The Discomfort of Planning
I’ve been a strategist and a brand planner for many years now. The kind of years that earn you labels like “experienced,” “pro,” or—my personal favourite—“seasoned.”
But here’s a confession: working on any client strategy still makes me uncomfortable.
Last year around the same time, I was working on a campaign proposition for a global logistics company. The brief was clear: From the current perception of a ‘shipping giant’ reposition them as a tech-driven solutions partner. Simple, right?
Except I had no clue about freight forwarding, cross-docking, first-mile, middle-mile, or last-mile optimisation. My Google search history looked like I was preparing for a customs clearance exam. I had two weeks to figure out what mattered to CXOs, make sense of operational inefficiencies, and somehow string together a story that both the client’s C-suite and our creative team would find compelling.
There’s an unease that never fully goes away - trying to become a customer I’m not, looking at their world through borrowed eyes, search for something that is not obvious in datasets and reports. It amplifies when I step into a new category I’ve never worked in, and having to sound convincing in front of people who’ve live and breathe it every day.
And even before that to convince the creative team and say, “Here’s the insight, here’s the narrative, and here’s why this matters.”
This discomfort is not an impostor syndrome or false humility. It’s just the honest messiness of doing a job that requires you to be in a state of perpetual not-knowing—and then making something clear and confident out of it.

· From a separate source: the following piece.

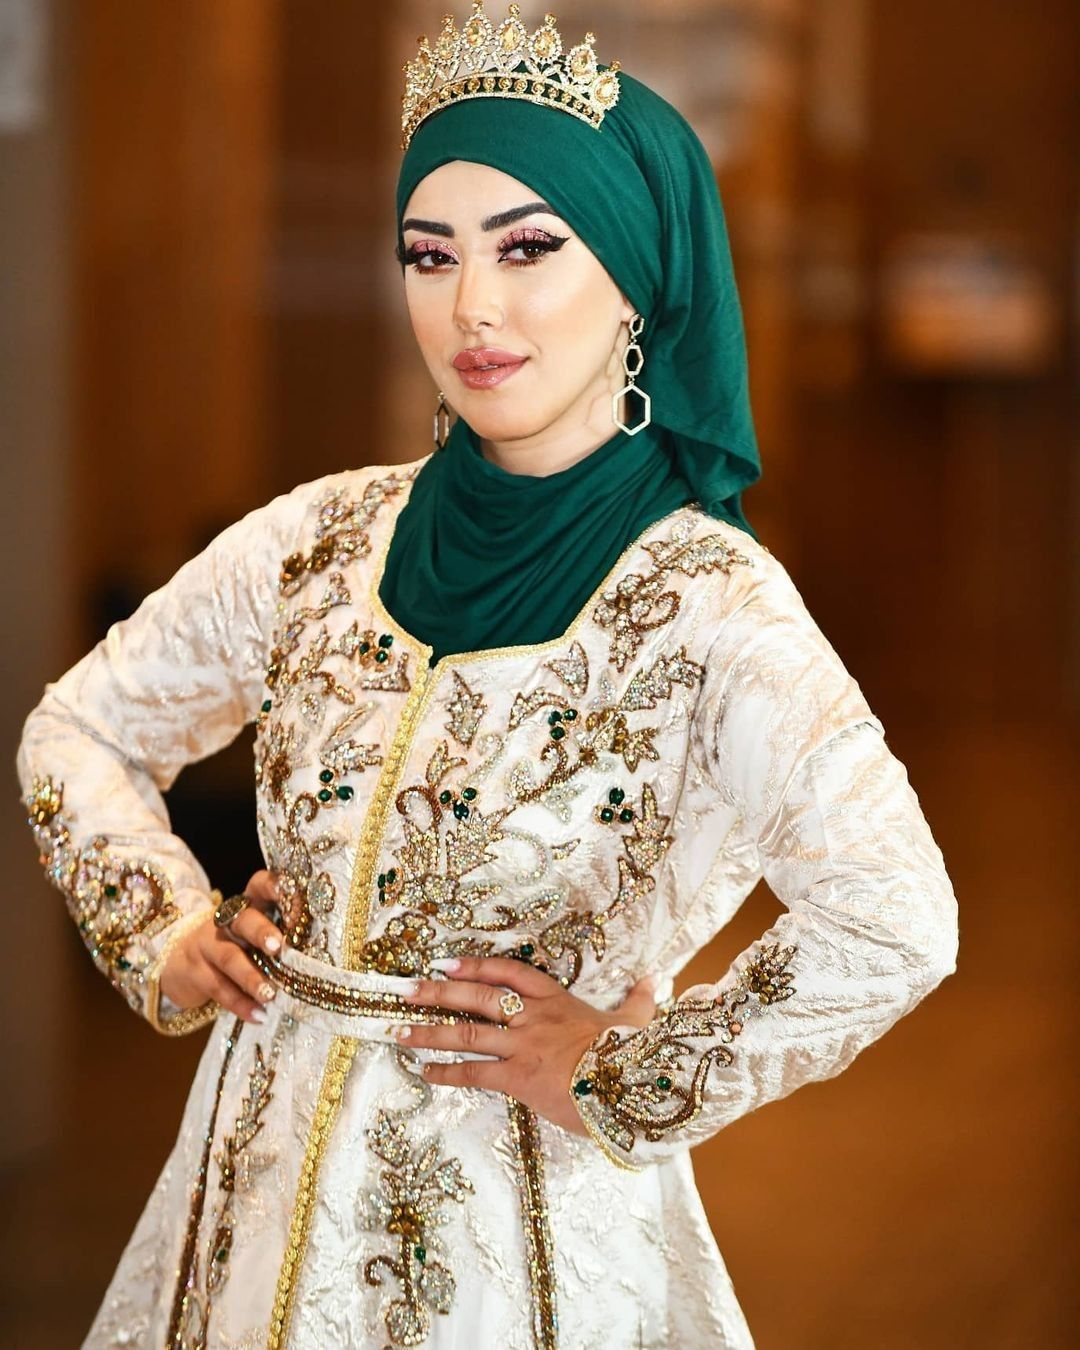 Dz Algerie Algerian Tourismalgeria Dahk Cheddatlemcenia Bejaia Jijel Batna Dzpower Mt Dz الحلويات الجزائرية المطبخ الجزائري In 2021 Fashion Hijab
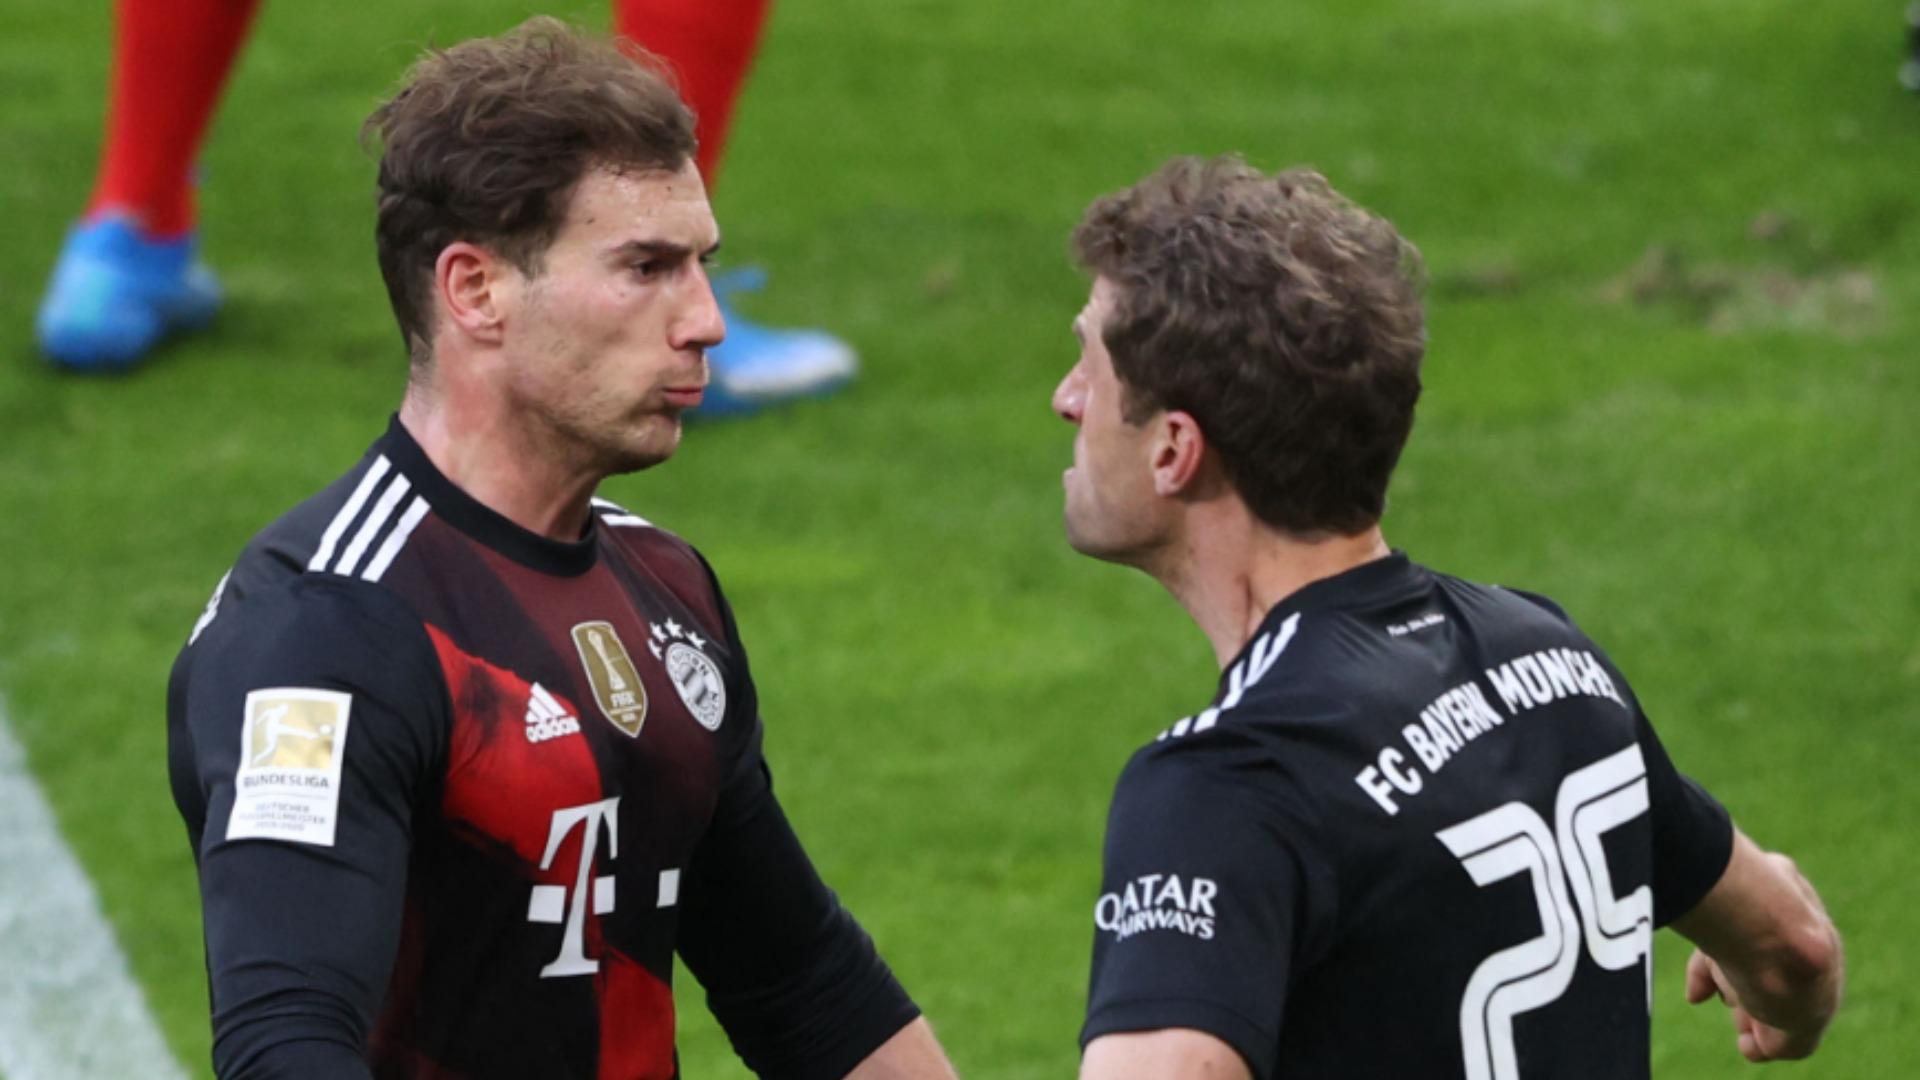 RB Leipzig 0-1 Bayern Munich: Goretzka moves Flick's men seven points clear

In the initial years, I always thought that the fault was within me. Maybe, I’m slow to grasp things. Maybe, I am not keeping my ears on the ground perpetually. Maybe, I’m not sharp enough. It was much, much later, a wise mentor told me that discomfort can be a secret weapon—if you know how to work with it.
In Hidden Potential, Adam Grant writes that the most successful people aren’t always the most gifted—they’re the ones who are the most coachable. The ones who can navigate discomfort, stay curious, and keep iterating. Strategy isn’t about certainty. It’s about staying in that uneasy middle ground long enough to uncover something valuable.
In a world obsessed with strengths, comfort zones, and “zone of genius,” we forget that growth mostly comes from the exact opposite—moments where we feel out of depth, unqualified, and uncertain.
Here’s a 3-step framework that’s worked for me:
1. Lean into the “I don’t know” phase
In strategy, you’re often expected to be the “smartest person in the room.” But the truth is, you’re usually the most curious person in the room. You’re the one paid to not know, but to ask better questions.
The key is to normalise that blank slate. Enter industries like a student, not a consultant. Let go of the pressure to sound smart; instead, aim to learn fast. Say “I don’t know” early, so that “here’s what I found” lands stronger.
2. Get uncomfortably close to the customer
Strategy is empathy in action. And empathy doesn’t happen from behind a desk. Whether it’s hanging out in warehouses, joining sales calls, or reading Reddit threads for hours, browsing through various social media profiles and posts, immersing yourself in the customer's reality is non-negotiable. Discomfort here isn't a bug—it's a feature. If you're not a little out of place, you're not close enough to the truth.
3. Treat the brief as a working hypothesis, not a final answer
Your initial versions of the strategy are just placeholders. Let it be messy. One of the hidden skills of a strategist is being a translator—converting ambiguity into clarity for others. You must explain the messy 'why' behind a clean 'what.'
Use discomfort as empathy. If you struggled to make sense of the customer, the market, the brief—chances are the creative team will too. Instead of giving a prescription, bring them into the journey. Share the questions you asked, the blind spots you hit, and how you arrived here. The best briefs are not answers—they're provocations with a purpose.
If you're in the business of strategy, brand, or creativity, discomfort is your lifelong roommate. The trick is to make it your collaborator.
Instead of managing discomfort, learn from it. Instead of masking it, mine it. Because discomfort isn’t the thing holding you back. It’s the thing pushing you forward.
A great strategy emerges—from the friction between certainty and contradiction.